Novel Millifluidic Platform to Study Venous Thrombosis


Vascular access, widely used for hemodialysis and made available through surgically placed arteriovenous fistulas (AVF), are prone to failure because of stenosis and ultimately thrombosis. This contributes to significant morbidity, mortality and cost of care for patients with end-stage renal disease (ESRD). Multiple factors lead to failure of AVF in ESRD including endothelial cells getting activated in the veil wall, high levels of pro-coagulant factors in blood and stagnant blood flow in areas of low wall shear stress (WSS). To investigate these factors, we have teamed up with Dr. Mary Hammes, Department of Medicine, Nephrology Section, to develop a novel millifluidic device and flow platform to make patient-specific vein models that replicate thrombosis. We then use this 3D model to link blood conditions in renal failure with flow, using blood from ESRD patients, coagulation factors, and physical and biochemical modeling.

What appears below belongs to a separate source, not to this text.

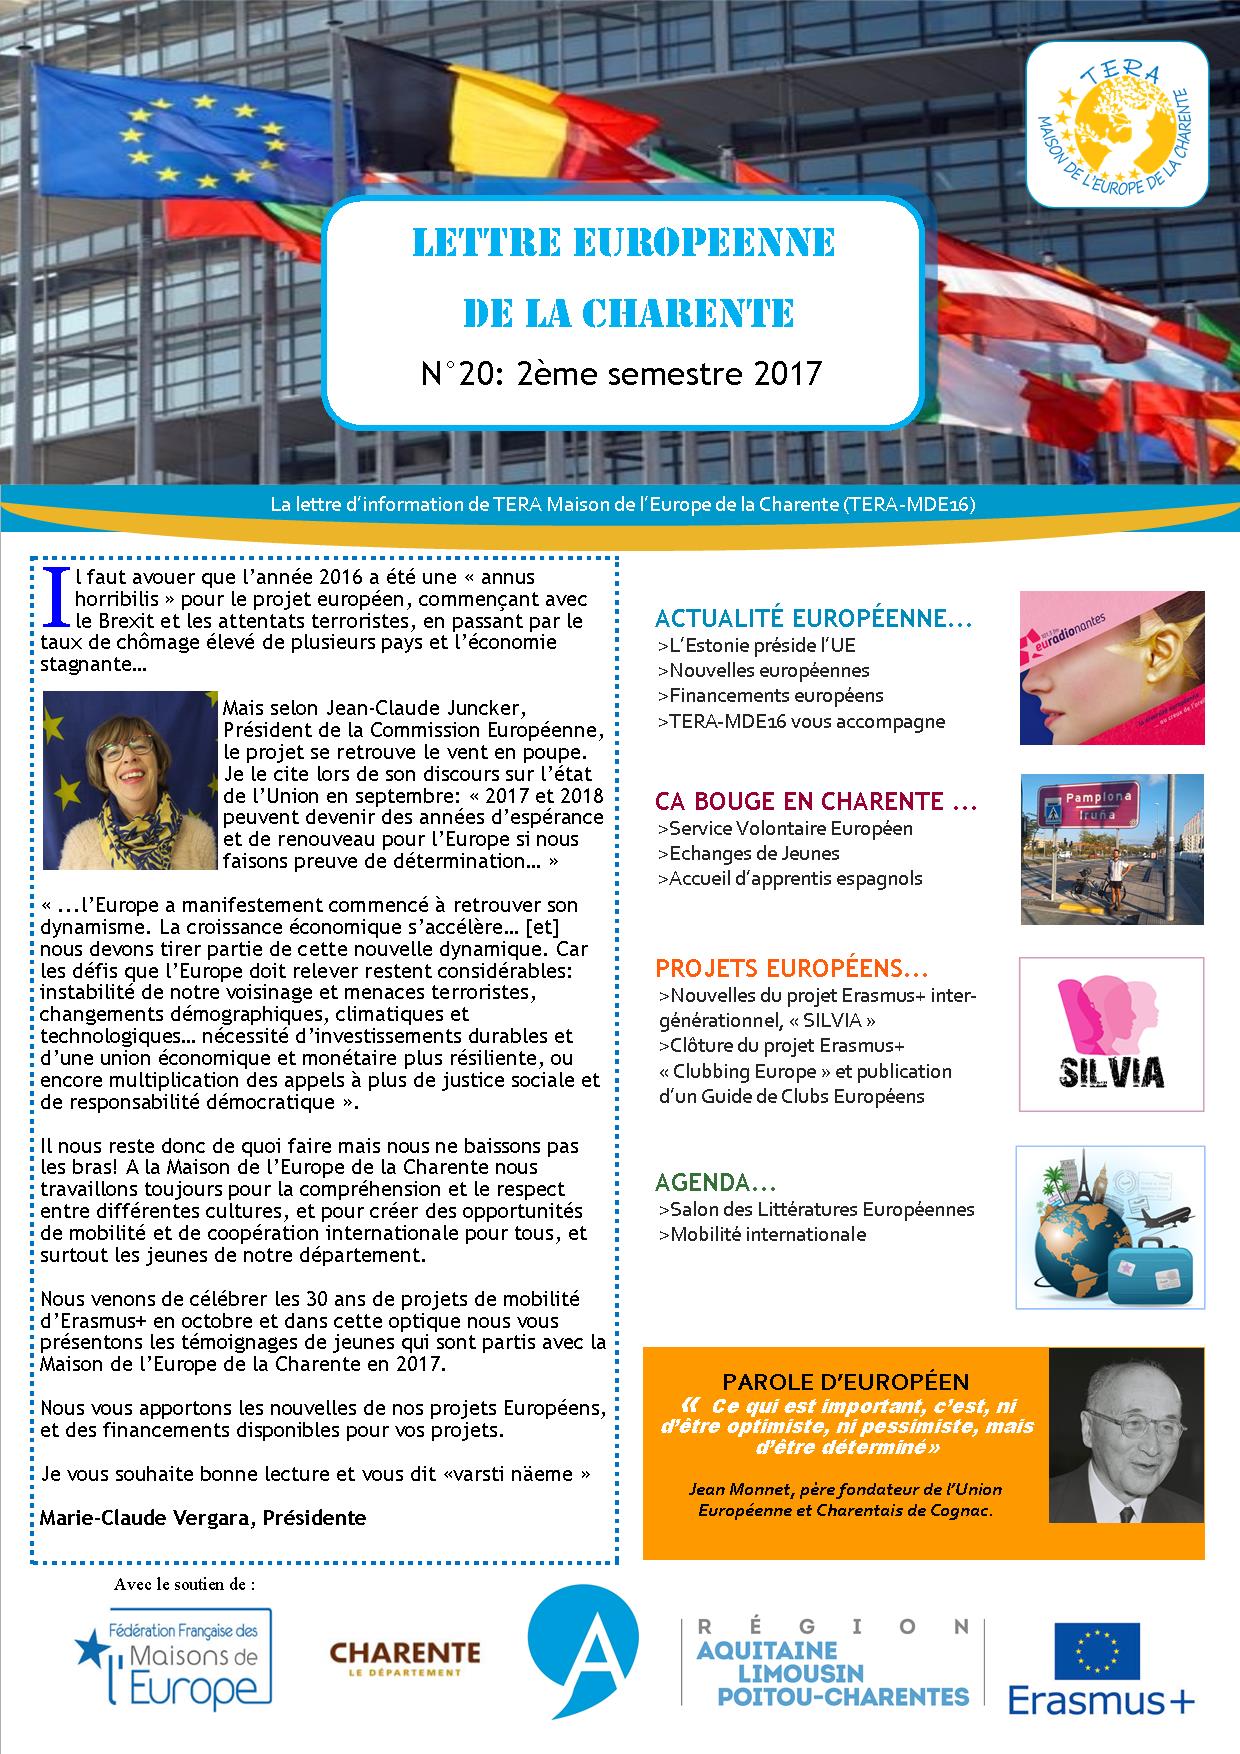 Lettre Européenne de la Charente n°20 du 2ème semestre 2017

Specifically, we are building 3 dimensional vein models of the brachiocephalic arch (BCA) where thrombosis and stenosis is likely to occur. These models are reconstructed from venogram (above) and intravascular ultrasound (IVUS; below) imaging of the BCA in ESRD patients to capture the exact geometry and hence rheological conditions of blood flow. We are developing 3D modeling techniques using AutoCAD and Matlab for this purpose.


Fluid dynamics simulations using COMSOL Multiphysics allow us to estimate flow patterns in critical areas of the cephalic arch model, which we use to direct our flow and imaging experiments. Figure A on the right shows the 3D model of the cephalic arch created for a ESRD patient undergoing regular dialysis 12 months after the AVF placement. Figures B and C show the velocity and pressure profiles in the same same vein using blood flow velocity and pressure measurements on the patient, using Doppler.

The 3D model of the same AVF vein is then fabricated into  a millifluidic device, using 3D printing. The fluidic device recapitulates the AVF vein in dimensions and geometry, both of which play critical roles in blood flow rheology (e.g., enhanced wall shear stress, high Reynolds number, vortex flow, etc.) and pathology.

We are perfusing the fluidic devices using blood or proxy fluid, under controlled flow conditions, including pulsatile flow, as seen in AVF vein. Unlike normal veins, which do not experience pulsatile flow of blood, AVF vein undergoes pulsed flow due to its proximity to the arterial connection via the AVF graft. We are using an advanced fluid flow setup from Elvesys that allows volumetric flow up to 1,000 mL/min and under continuous re-circulation. In-line pressure is continuously monitored using a pressure flow sensor that can be used to dynamically control blood flow rate in the fluidic device. Blood perfusion studies are performed on blood from ESRD patients and healthy controls under control and altered flow parameters, cellular elements and chemical factors in blood to stimulate thrombosis.

Future plans include endothelializing the fluidic devices to capture the role of the vein’s lumen in activating platelets and pro-coagulant factors in initiating thrombosis. Finally, we will track thrombosis and clot formation using live-cell, time-lapse microscopy and characterize thrombotic clots using physical and mechanical and biochemical assays.

This work is being conducted by Andres Moya-Rodriguez, as part of his thesis project, and in collaboration with a team of clinicians and physician-scientists including Dr. Mary Hammes, Nephrologist, Dr. Sandeep Nathan, Cardiologist and expert in IVUS imaging, and Dr. Luka Pocivavsek, Assistant Professor in Surgery. We are grateful to  Ginny and Simon Aronson for their kind support for this project.